▸ **Data segment**
##############################

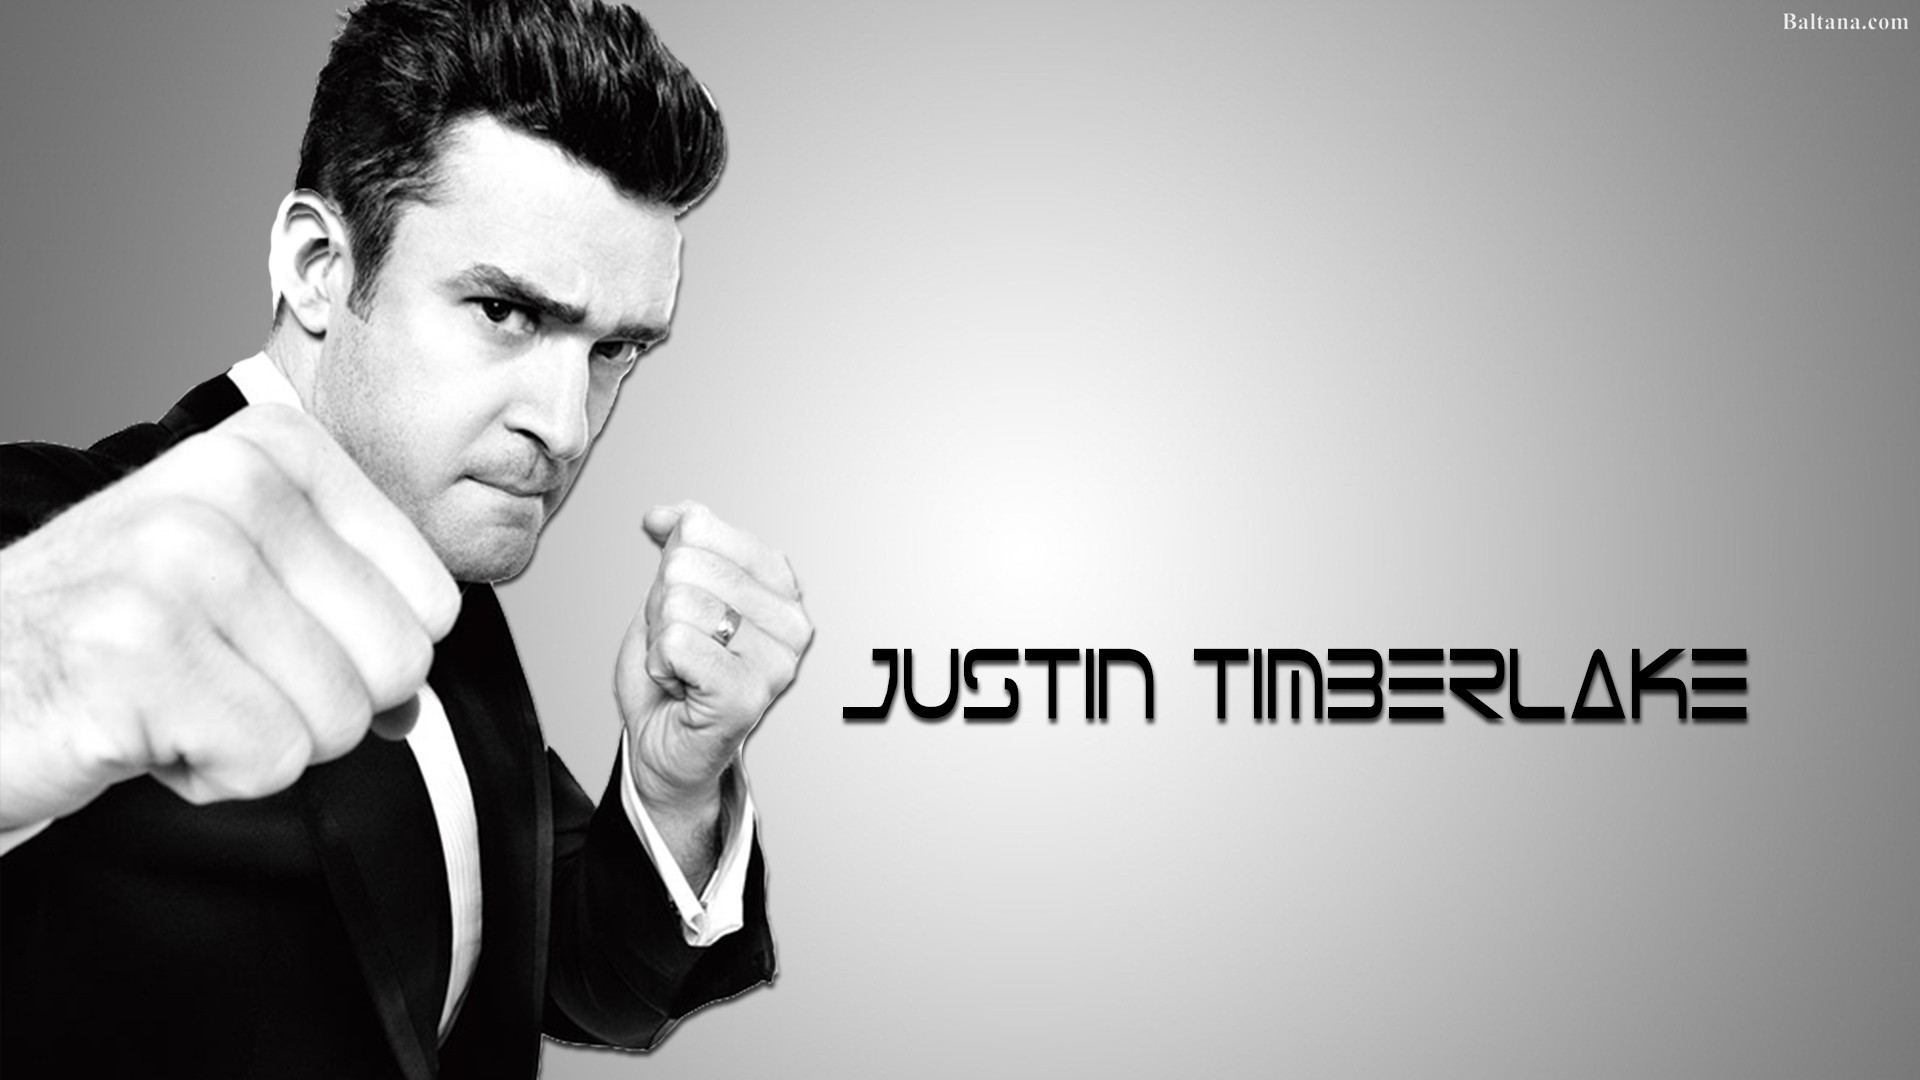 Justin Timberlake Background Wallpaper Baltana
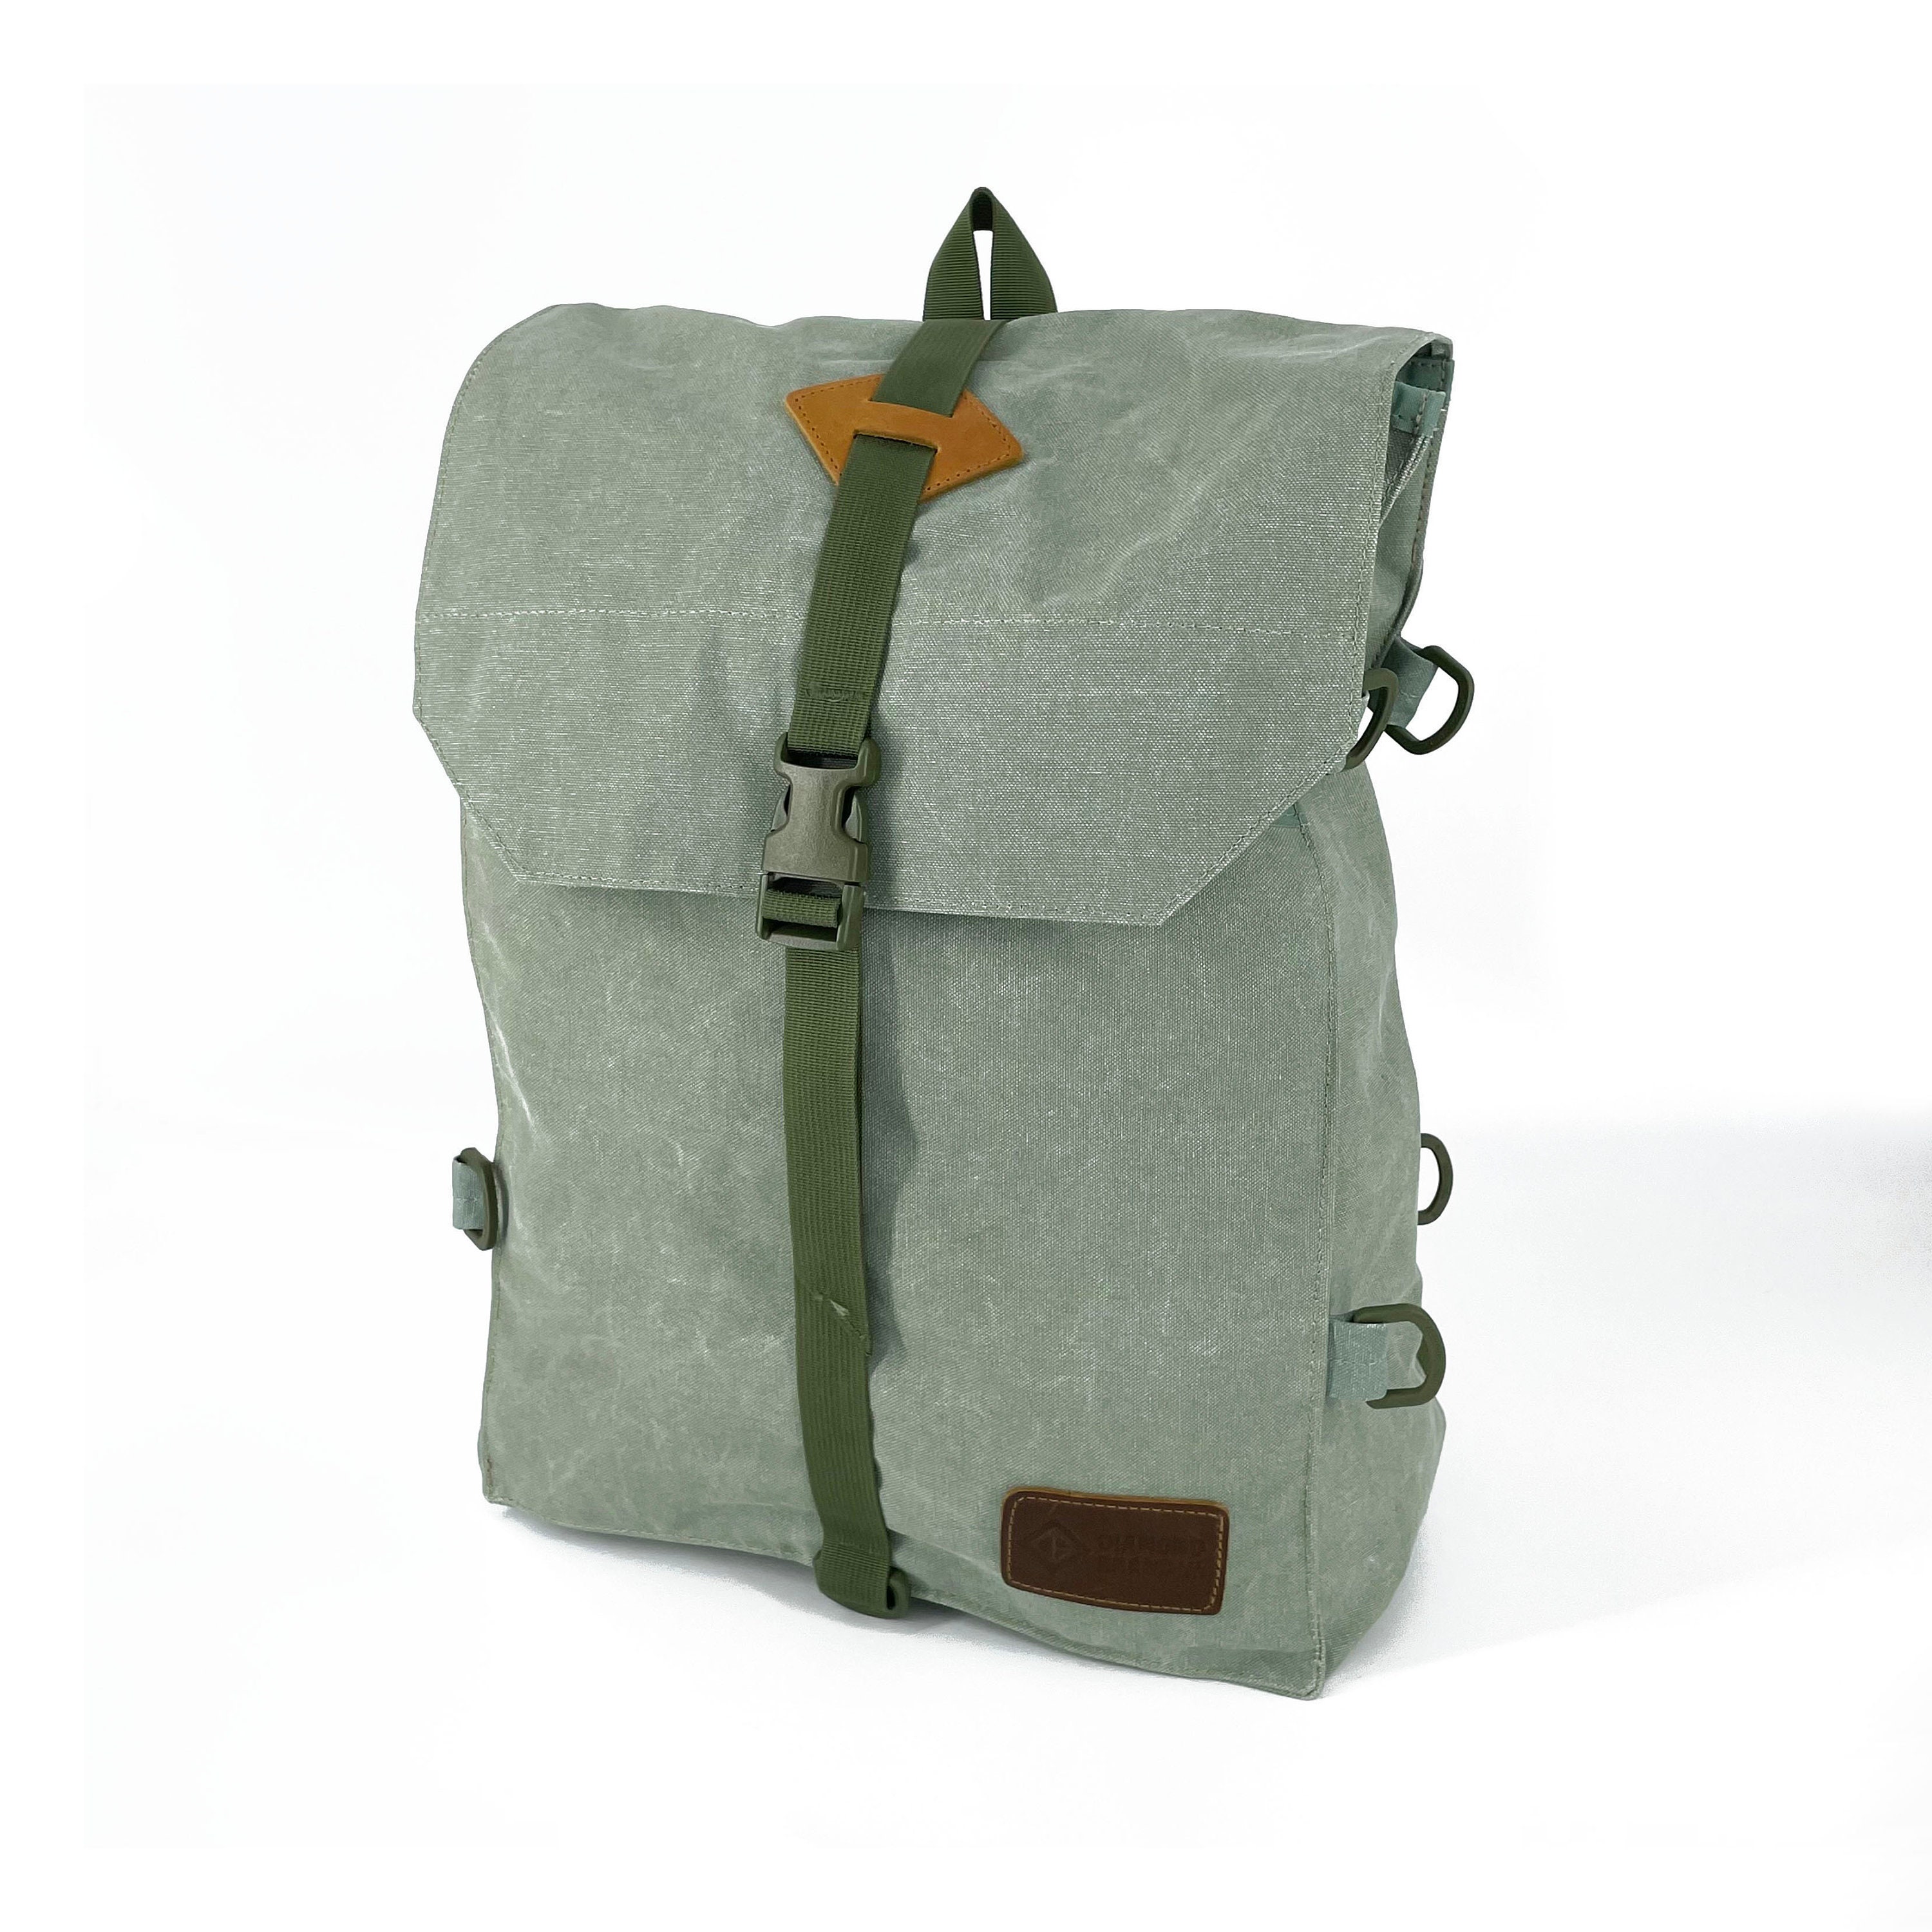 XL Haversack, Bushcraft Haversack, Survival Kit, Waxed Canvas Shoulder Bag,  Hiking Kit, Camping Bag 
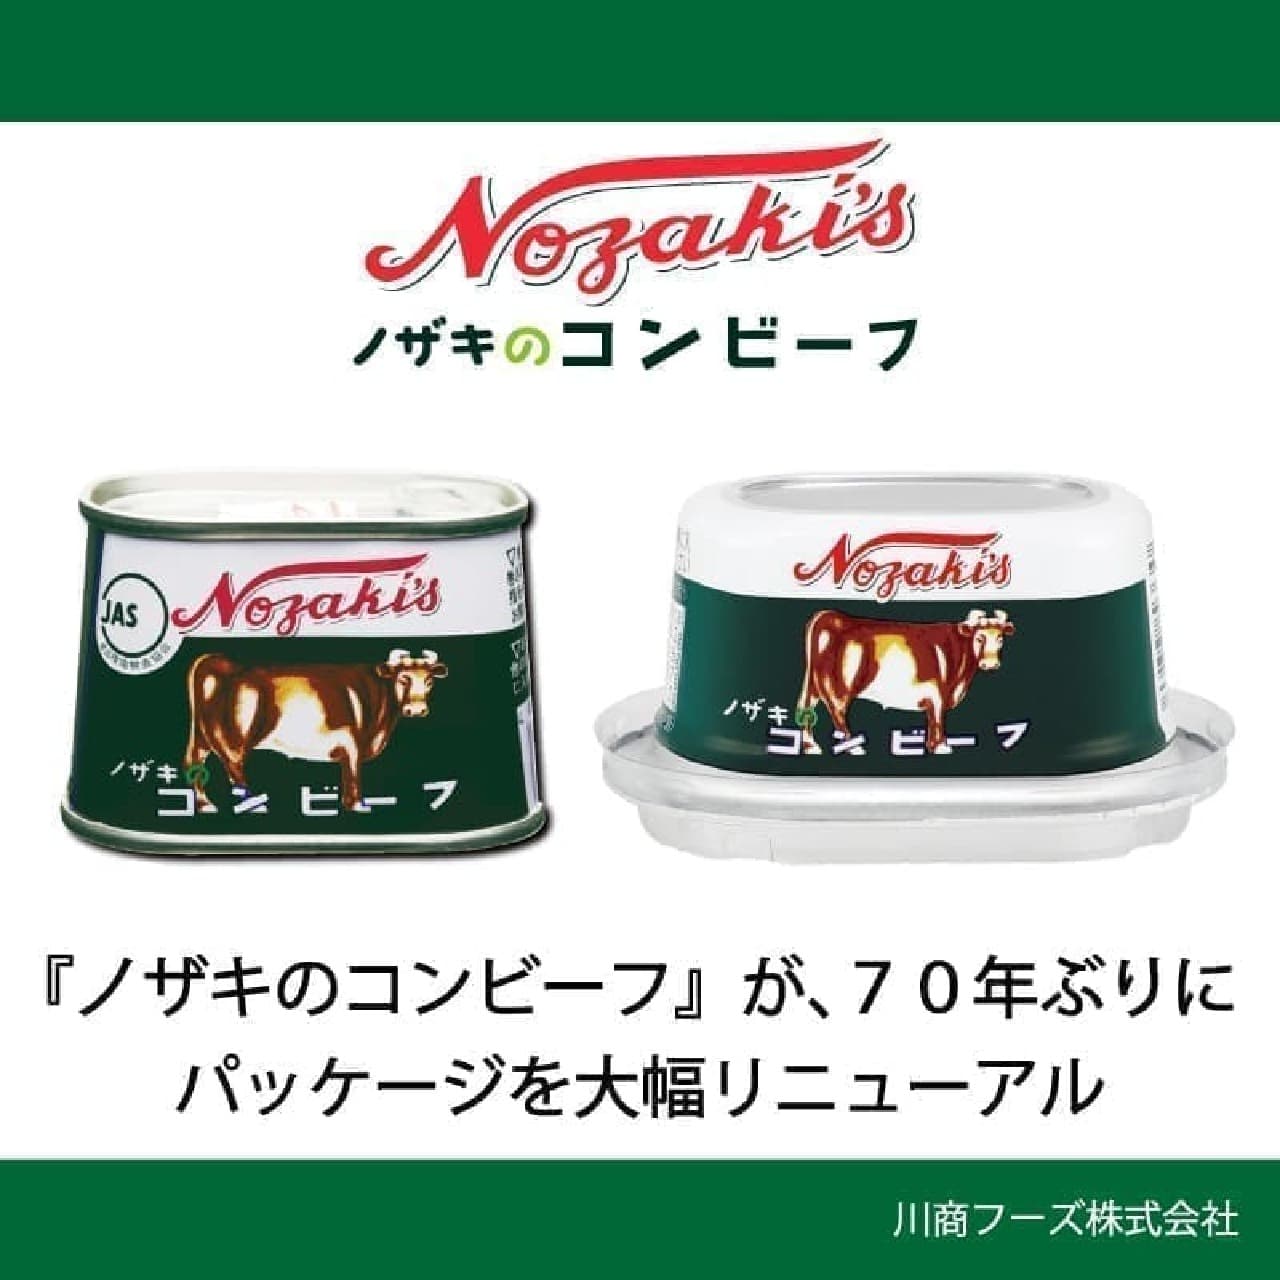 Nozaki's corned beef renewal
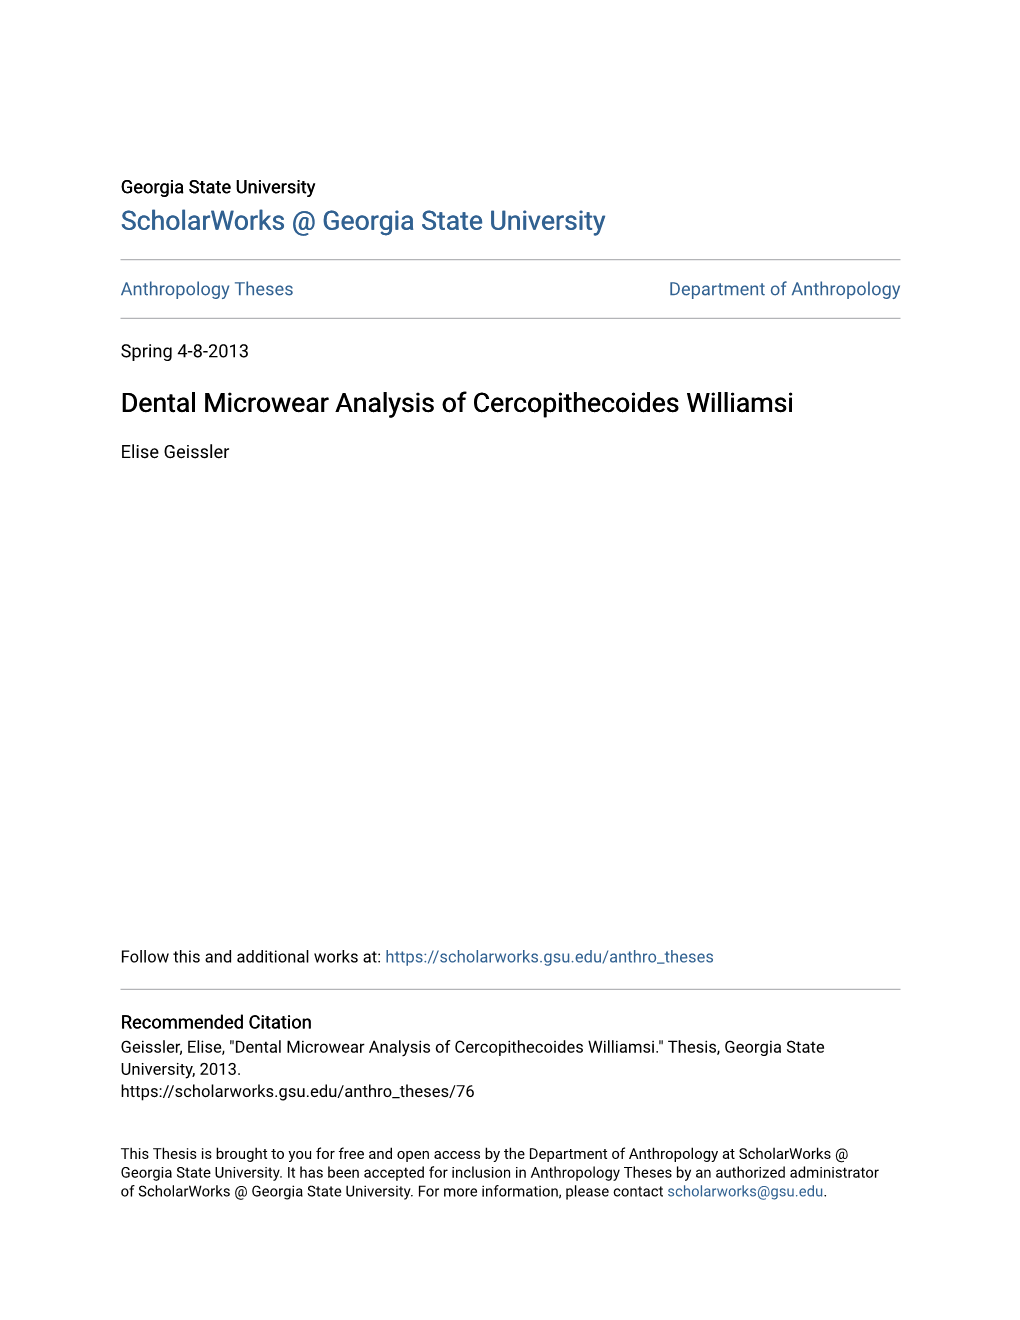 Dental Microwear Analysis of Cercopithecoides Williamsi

##############################

▸ **What is being asked**
Take the line that contains "Nozaki's corned beef renewal" and all lines after it to the end of the material above, and copy them verbatim without any images.

▸ **Output below**
 Nozaki's corned beef renewal
 Dental Microwear Analysis of Cercopithecoides Williamsi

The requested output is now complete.